Special Issue Information

Dear Colleagues,

Hydrogen is the smallest and simplest element on earth and has been emerging as a sustainable energy carrier for the future. In addition, when hydrogen is used in mobility, power generation, or combustion, there is no emission of global warming gases. Hence, hydrogen is referred to as “future energy”. Although it is highlighted as an alternative  energy source and carrier, hydrogen has a very high risk of explosion and fire. In order to safely use it, reliable safety management and controls are essential so that it can be used like gasoline or natural gas in the near future. Though issues of hydrogen safety for energy applications are critical, engineering designs, risk assessments, and codes and standards present different aspects of contemporary knowledge regarding the hazards, risks and safety connected with hydrogen systems. Therefore, it is significant for researchers to have a place to discuss and debate on these subjects. 
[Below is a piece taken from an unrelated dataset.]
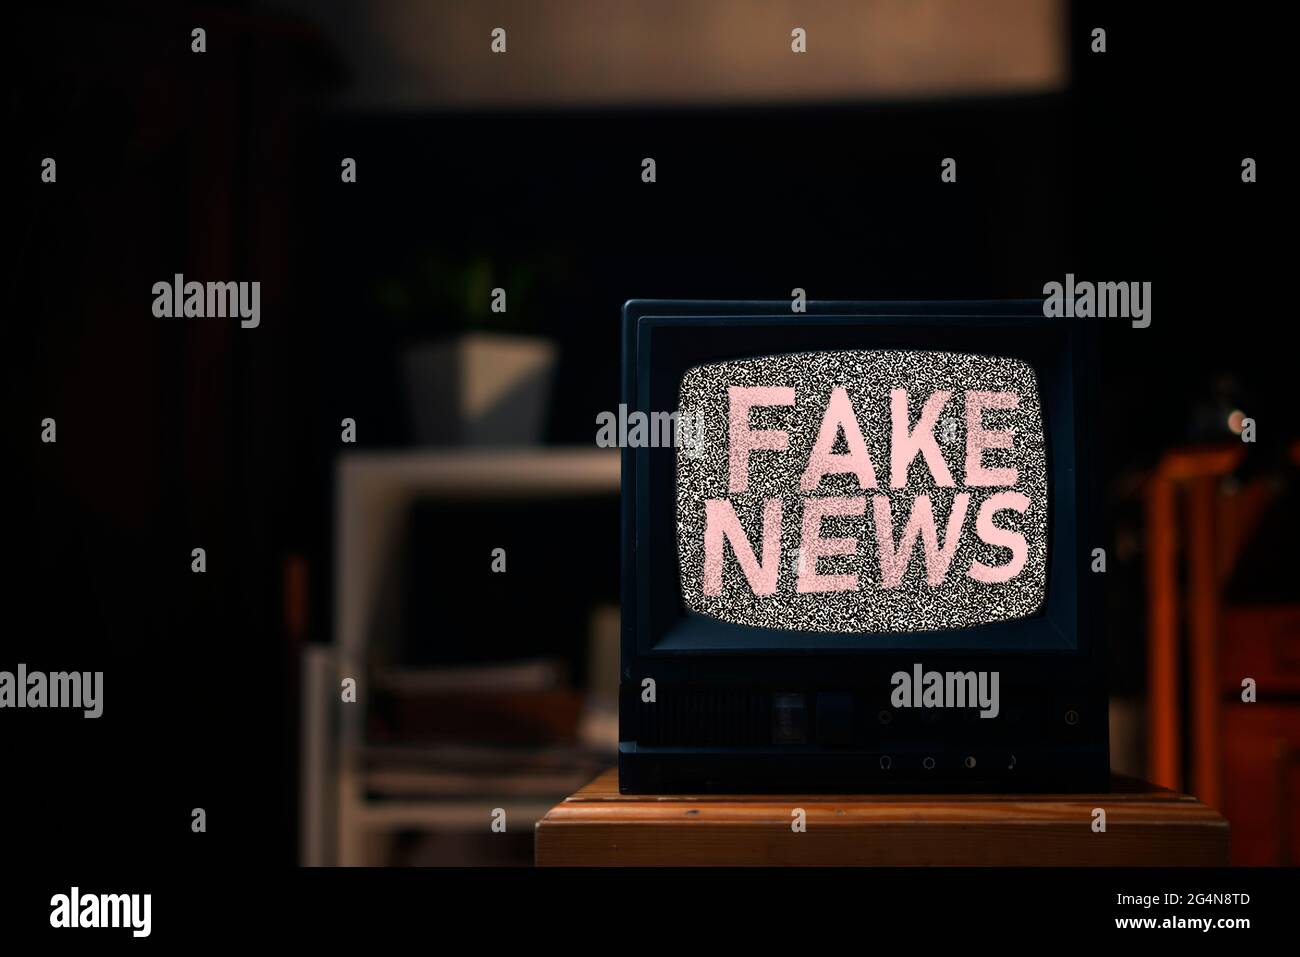 le vieux téléviseur d'époque avec bruit gris à l'écran avec fausses nouvelles texte superposé, debout sur l'étagère à la maison Banque D'Images

The sections of this Special Issue cover the main hydrogen technologies and explore the scientific aspects of possible sources and consequences of accidental events that can occur when hydrogen is used, including in its vehicular applications. It also covers the physics and engineering of hydrogen safety; its social, policy and organizational aspects; the assessment, management and communication of risks; the effectiveness of control and management techniques for safety; standardization; legislation; inspection; insurance; costing aspects.
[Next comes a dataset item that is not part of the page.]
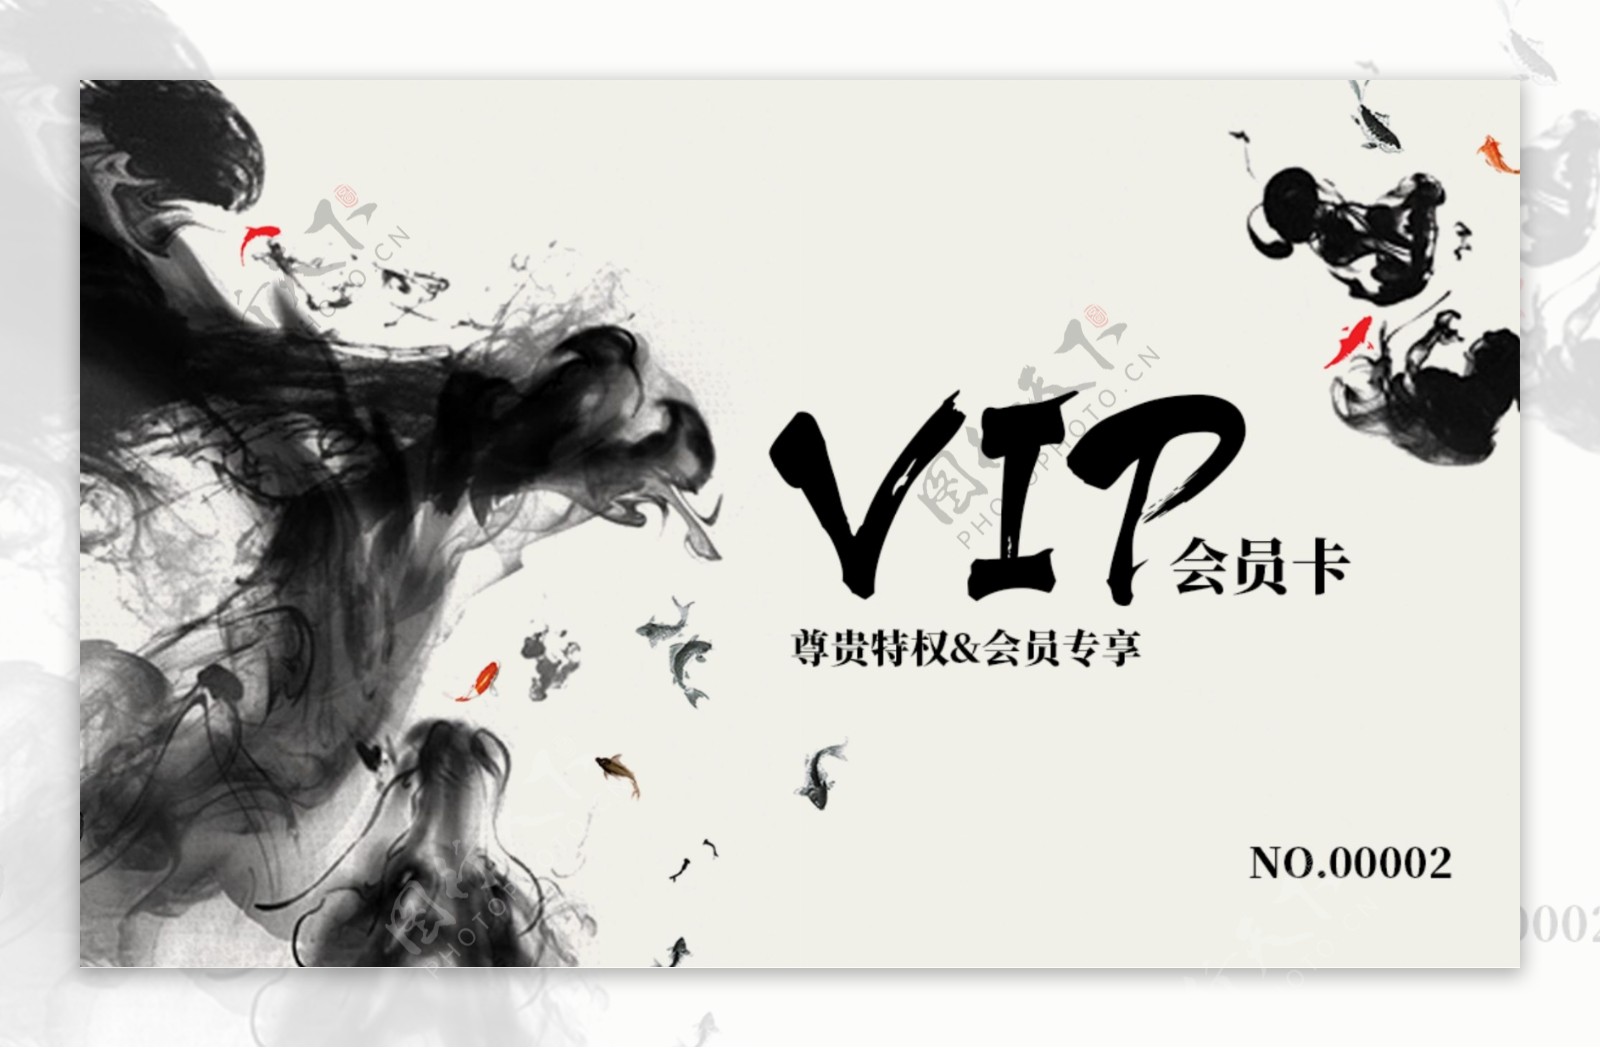 中国风VIP会员卡模板

Most of all, “risk assessment”, as well as the safety measures/safety barriers applicable in such situations, are importantly considered. 
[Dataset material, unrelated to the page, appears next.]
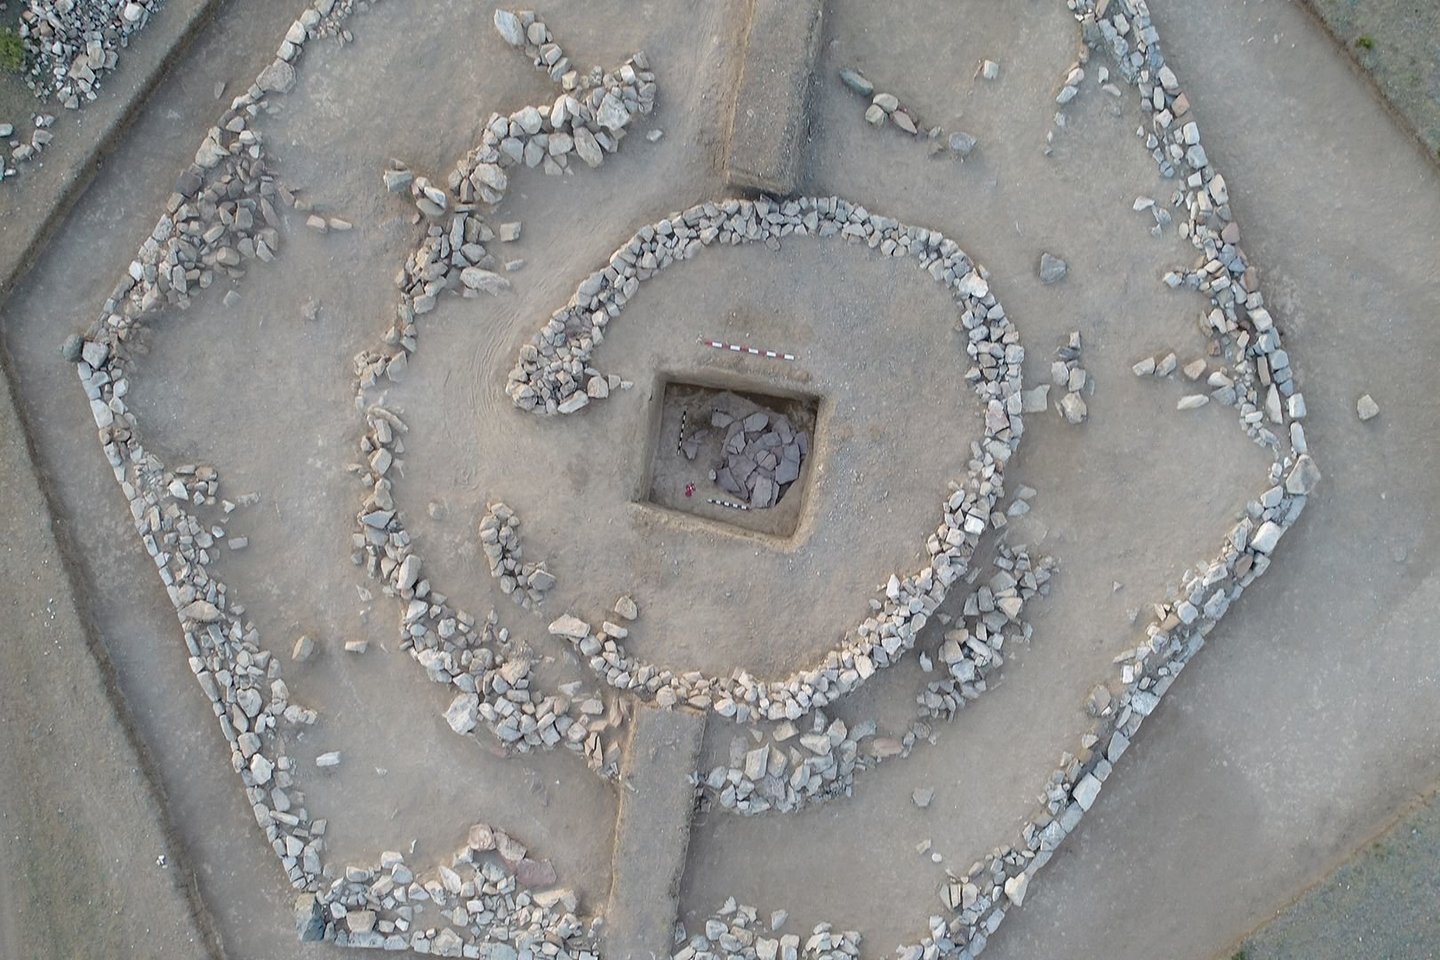  Šešiakampės piramidės vaizdas iš paukščio skrydžio. Atkreipkite dėmesį, kad vidinės akmeninės sienos sudaro labirintą primenantį kelią, vedantį link centre esančios laidojimo vietos.<br> U.Umitkalijevo nuotr.

The purpose of this Special Issue is to invite researchers (scholars, researchers, scholars) to present recent experiments, simulations and numerical studies in the field of hydrogen safety technology. Topics of interest in this Special Issue include, but are not limited to:
-    Hydrogen refueling stations (HRS);
-    Liquid hydrogen;
-    Hydrogen facility ;
-    Risk assessment model for hydrogen ;
-    Safety distance for hydrogen facility;
-    Hydrogen related incidents;
-    Hydrogen fire & explosion ;
-    Hydrogen incidents database;
-    Prevention and mitigation of hydrogen incidents;
-    H2 pressure relief devices;
-    Protection layers;
-    Cryogenic hazards for liquid hydrogen;
-    Hydrogen vapor cloud explosion;
-    Hydrogen pipelines and piping safety;
-    Large-scale underground H2 pipelines;
-    Engineering design considering safety;
-    Hydrogen safety codes and regulations.

Dr. Seungho Jung
Dr. Chankyu Kang
Guest Editors

Manuscript Submission Information

Manuscripts should be submitted online at www.mdpi.com by registering and logging in to this website. Once you are registered, click here to go to the submission form. Manuscripts can be submitted until the deadline. All submissions that pass pre-check are peer-reviewed. Accepted papers will be published continuously in the journal (as soon as accepted) and will be listed together on the special issue website. Research articles, review articles as well as short communications are invited. For planned papers, a title and short abstract (about 100 words) can be sent to the Editorial Office for announcement on this website.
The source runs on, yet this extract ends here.